**DATASET EXTRACT**
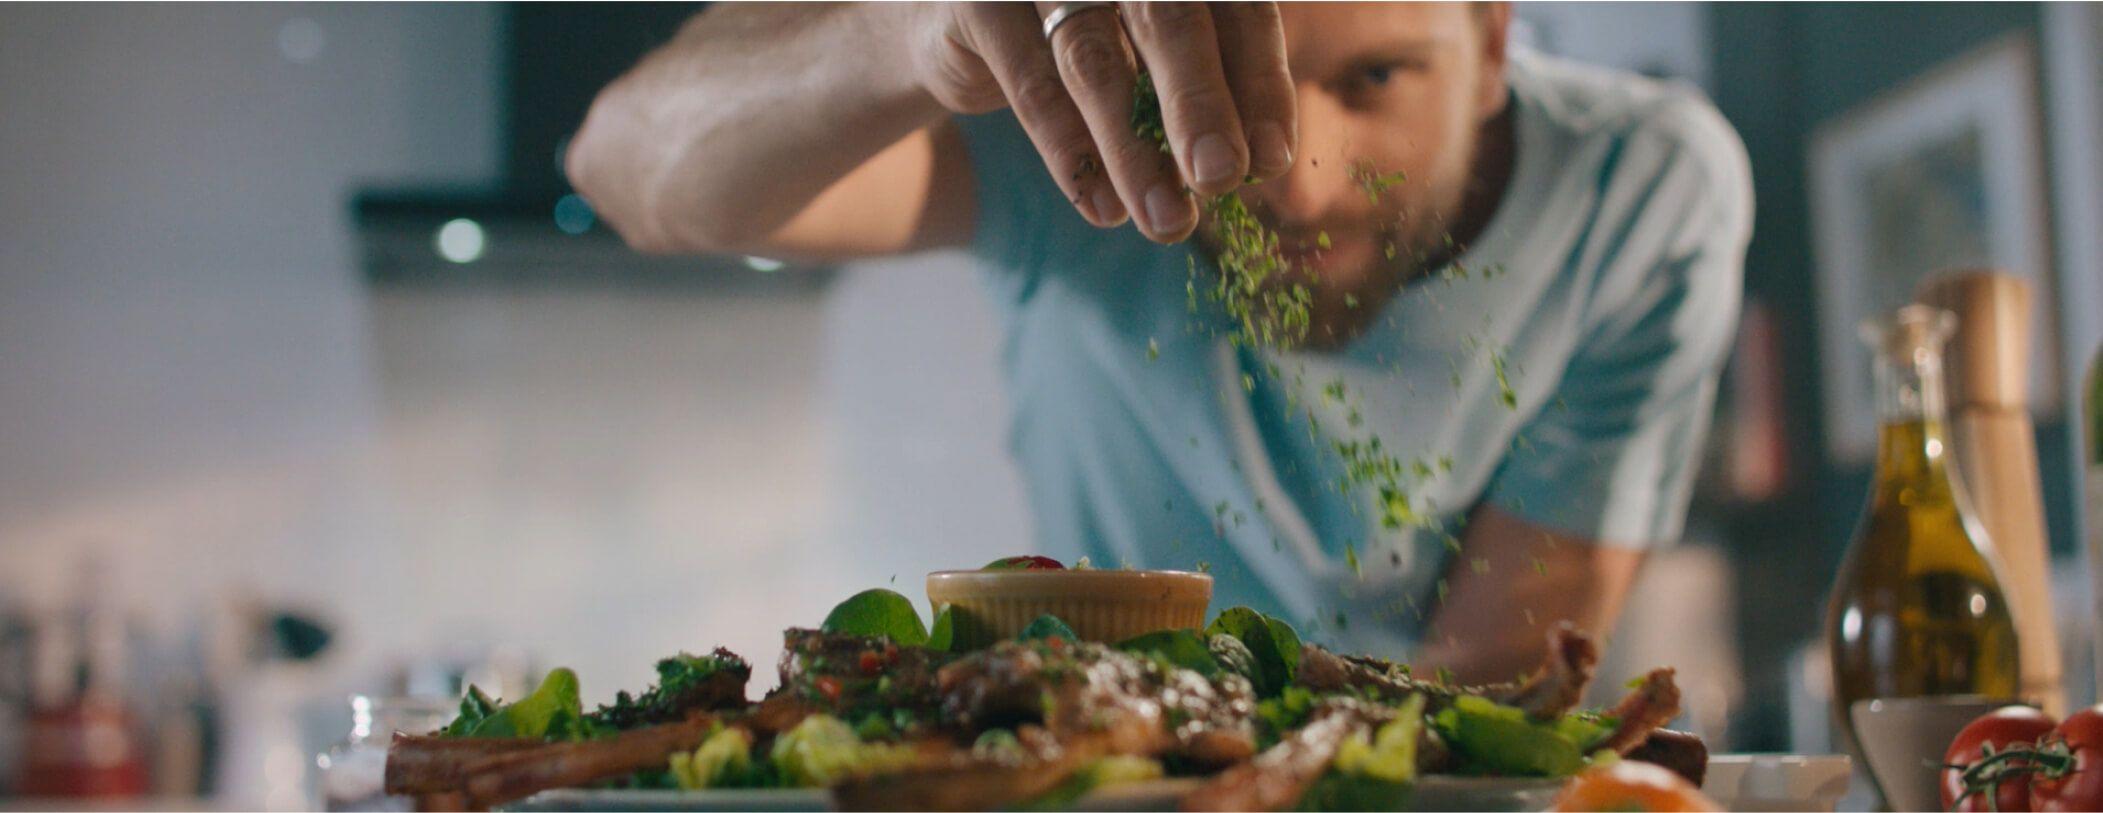 Enjoy Cooking With KitchenAid Appliances
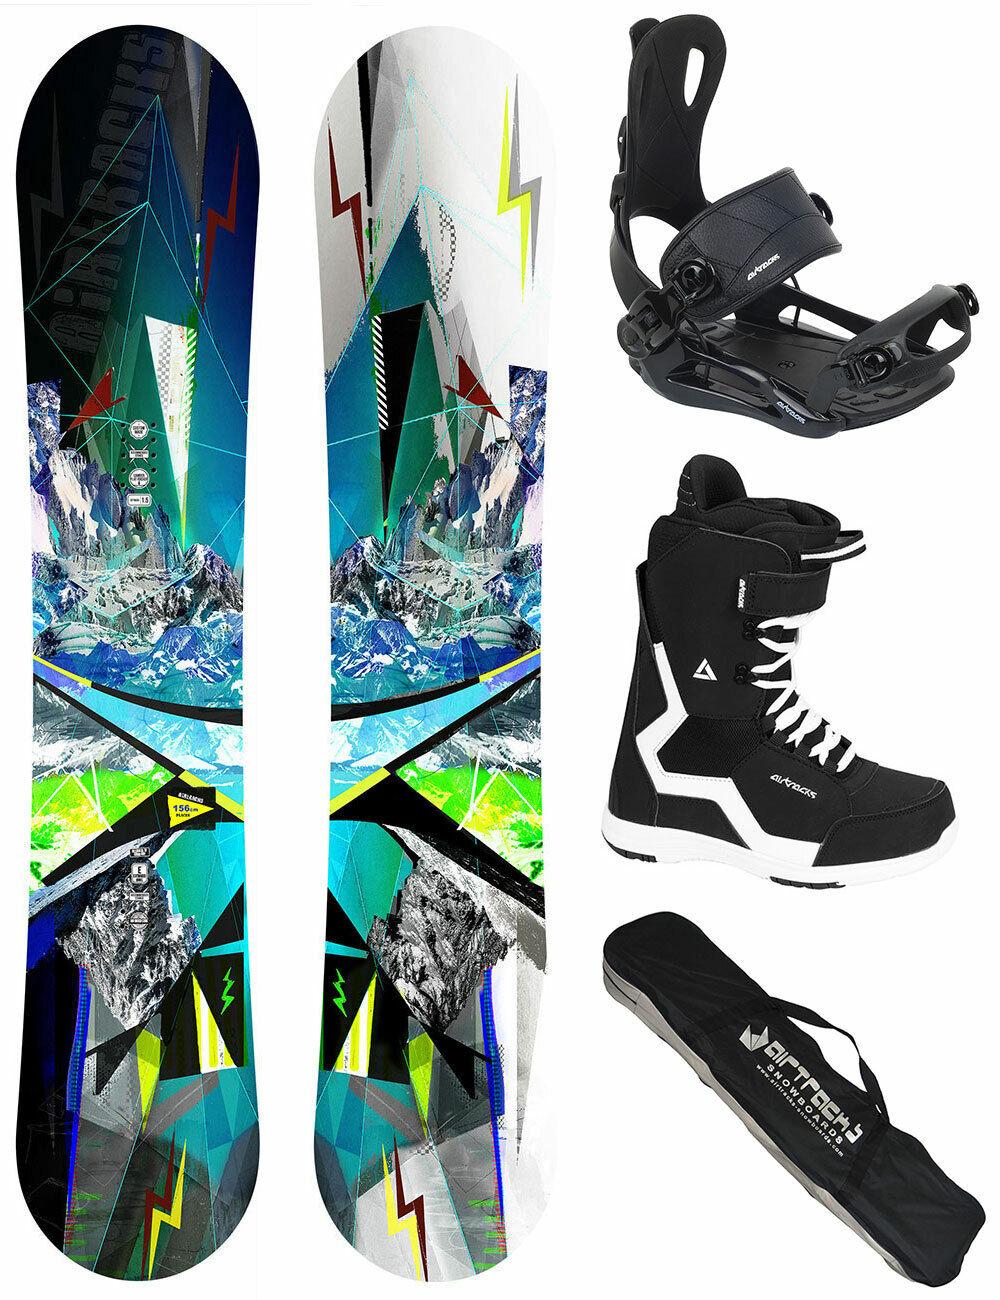 AIRTRACKS Snowboard Stel plaatsen Rocker Bindung Master laarzen Sb Zak 156 159 165
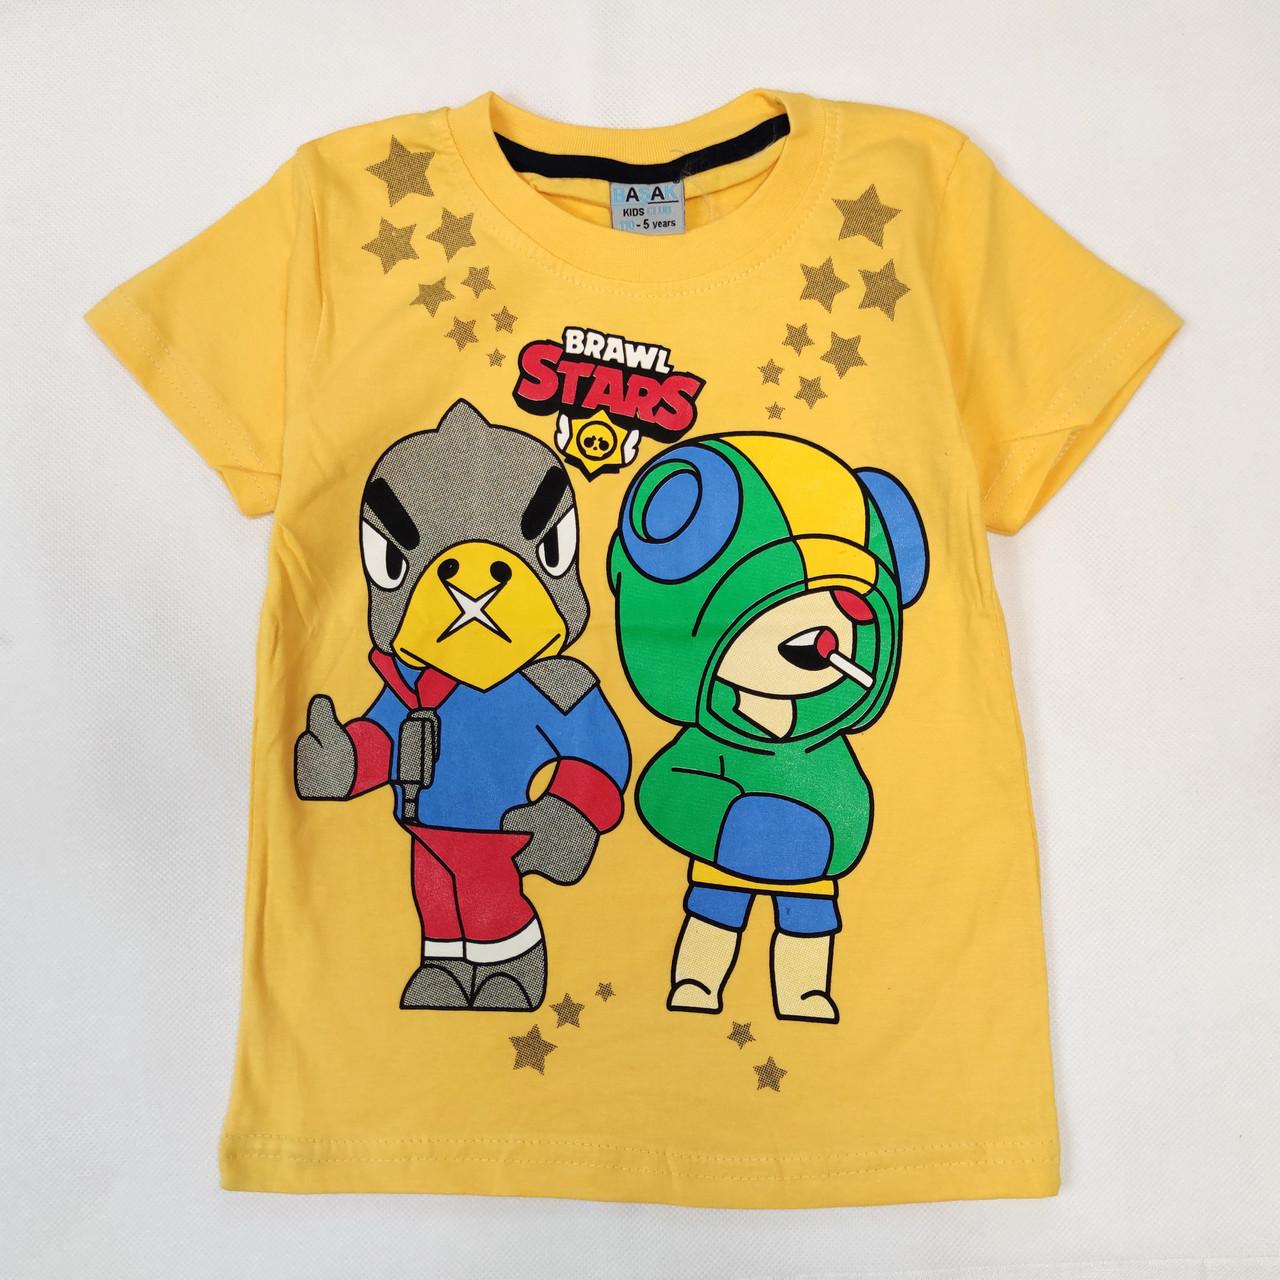 Детская футболка для мальчика бравл старс brawl stars желтая 4-5 лет

**EXERCISE DETAILS**
Every line of the data above should be repeated exactly. Omit the pictures.

**ANSWER TO THIS PROBLEM**
 Enjoy Cooking With KitchenAid Appliances
 AIRTRACKS Snowboard Stel plaatsen Rocker Bindung Master laarzen Sb Zak 156 159 165
 Детская футболка для мальчика бравл старс brawl stars желтая 4-5 лет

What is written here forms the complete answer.